Heuristic:Facebookresearch Habitat lab Mini Batch Environment Divisibility
| Knowledge Sources | |
|---|---|
| Domains | Optimization, Reinforcement_Learning |
| Last Updated | 2026-02-15 00:00 GMT |
Overview
Training performance degrades when `num_environments` is not evenly divisible by `num_mini_batch`; ensure these values divide evenly or training may produce uneven batch sizes.
Description
The PPO rollout storage splits environment data into mini-batches by dividing the environment indices. When `num_environments % num_mini_batch != 0`, some mini-batches will have fewer samples than others. This unevenness causes gradient estimates to vary in quality across batches, harming training stability and performance. The codebase includes both a hard assertion (`num_environments >= num_mini_batch`) and a warning for non-divisibility.
Usage
Apply this heuristic when configuring any PPO-based training run. Before launching training, verify that `habitat_baselines.num_environments` is a multiple of the PPO `num_mini_batch` setting. Common valid combinations: 16 envs / 4 batches, 32 envs / 8 batches, 64 envs / 4 batches.
The Insight (Rule of Thumb)
- Action: Ensure `num_environments % num_mini_batch == 0` in your config.
- Value: Any combination where environments divide evenly (e.g., 16/4, 32/8, 64/4).
- Trade-off: Constrains the choice of num_environments and num_mini_batch values.

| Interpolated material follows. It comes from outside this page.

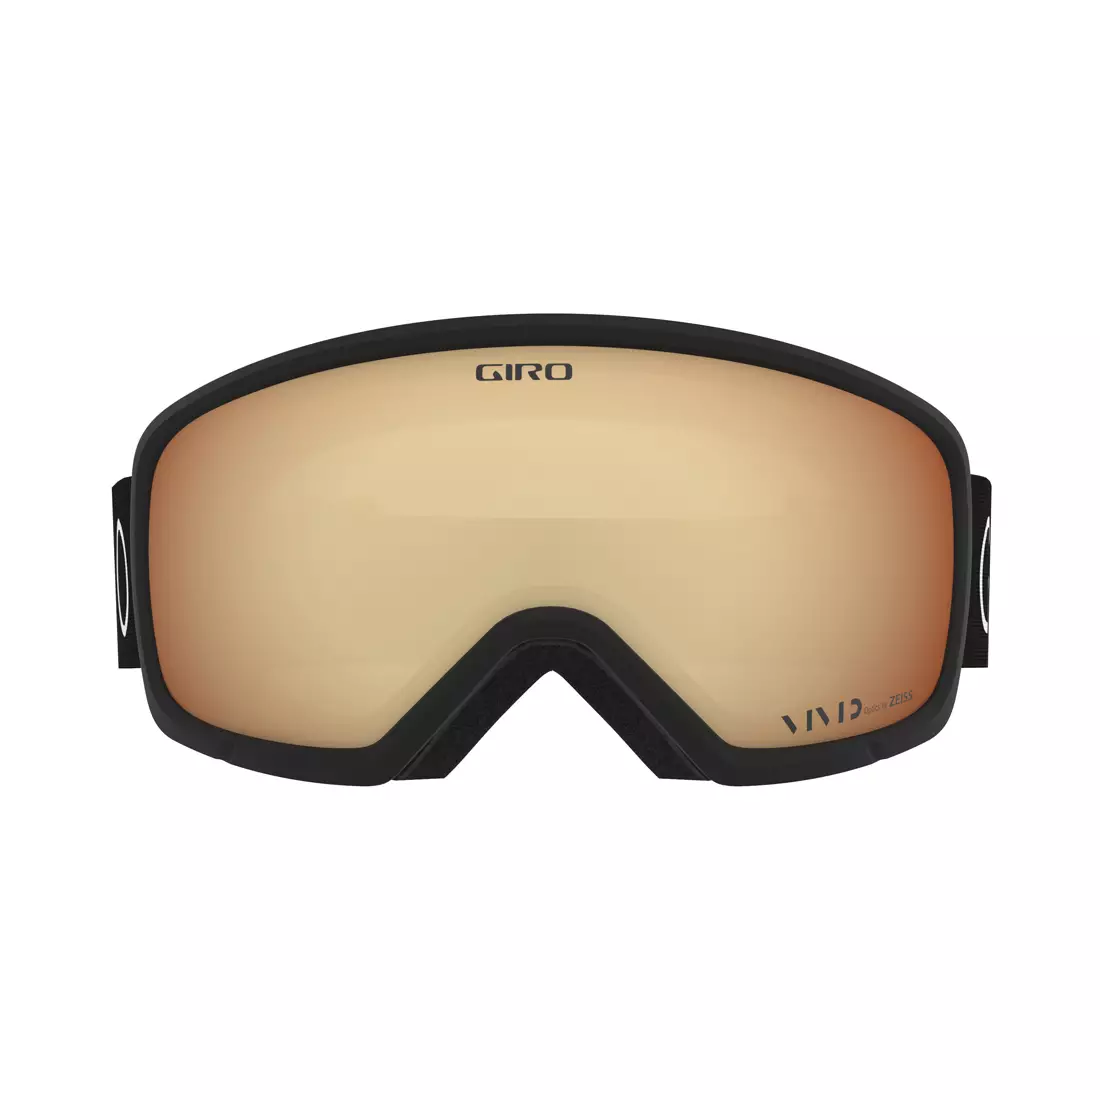 GIRO dámske zimné lyžiarske/snowboardové okuliare millie black core light (VIVID COPPER 21% S2 zorník) GR-7119830

- Hard constraint: `num_environments >= num_mini_batch` (assertion failure if violated).
Reasoning
The rollout storage implementation uses `torch.randperm(num_environments).chunk(num_mini_batch)` to create mini-batches. When the division is uneven, `chunk()` produces tensors of different lengths. This means some gradient updates use more data than others, which can lead to inconsistent learning dynamics and slower convergence.
Code evidence from `habitat-baselines/habitat_baselines/common/rollout_storage.py:214-228`:
assert num_environments >= num_mini_batch, (
"Trainer requires the number of environments ({}) "

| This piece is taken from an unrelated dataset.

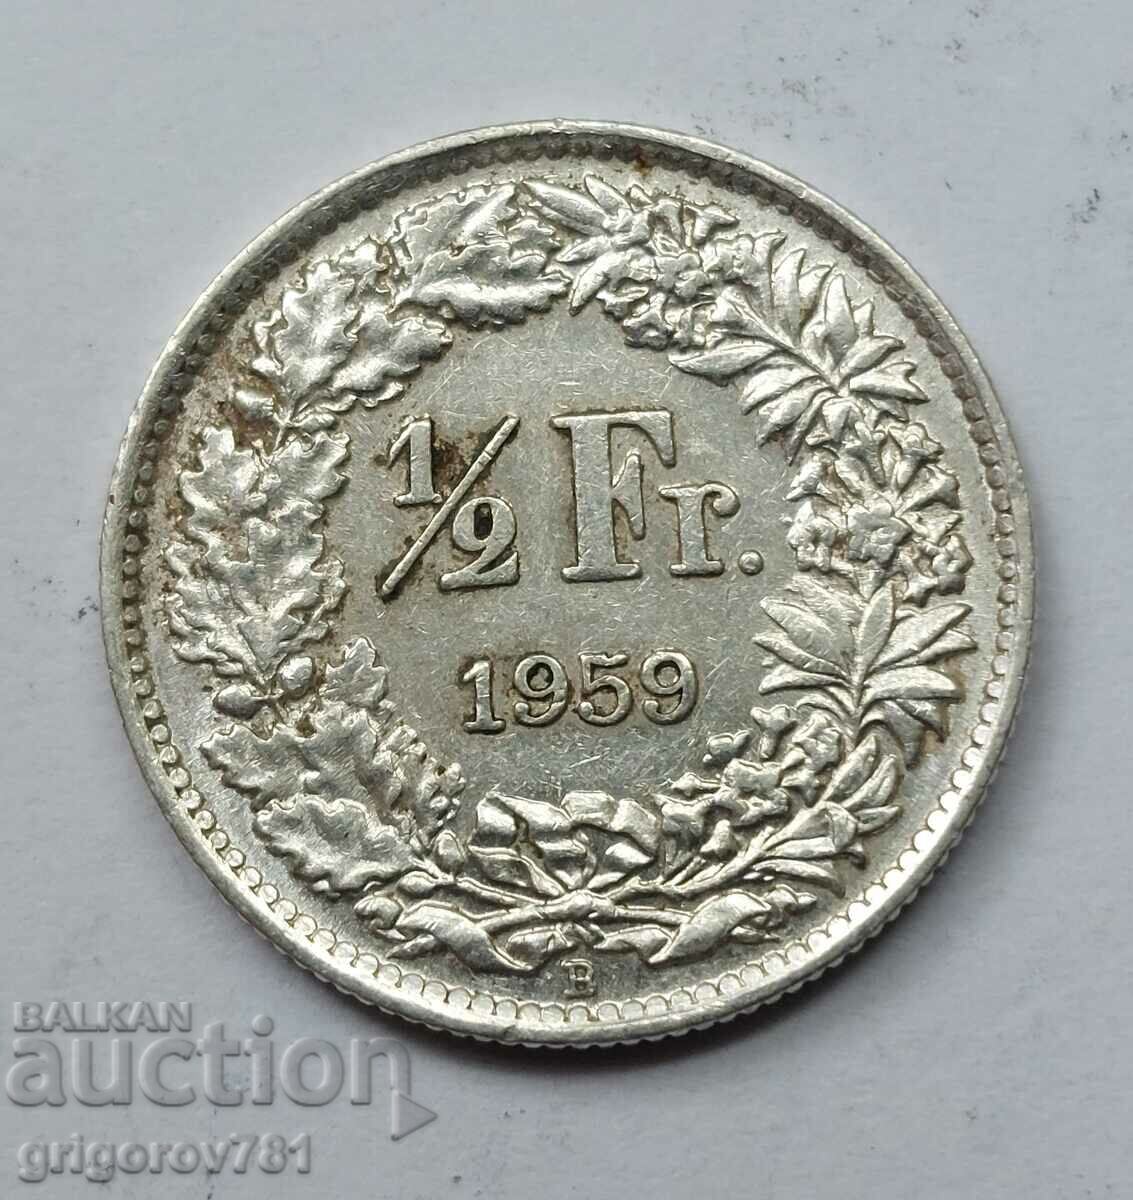 1/2 Franc Argint Elveția 1959 B - Monedă de argint #18

"to be greater than or equal to the number of "
"trainer mini batches ({}).".format(
num_environments, num_mini_batch
)
)
if num_environments % num_mini_batch != 0:
warnings.warn(
"Number of environments ({}) is not a multiple of the"
" number of mini batches ({}). This results in mini batches"
" of different sizes, which can harm training performance.".format(
num_environments, num_mini_batch
)
)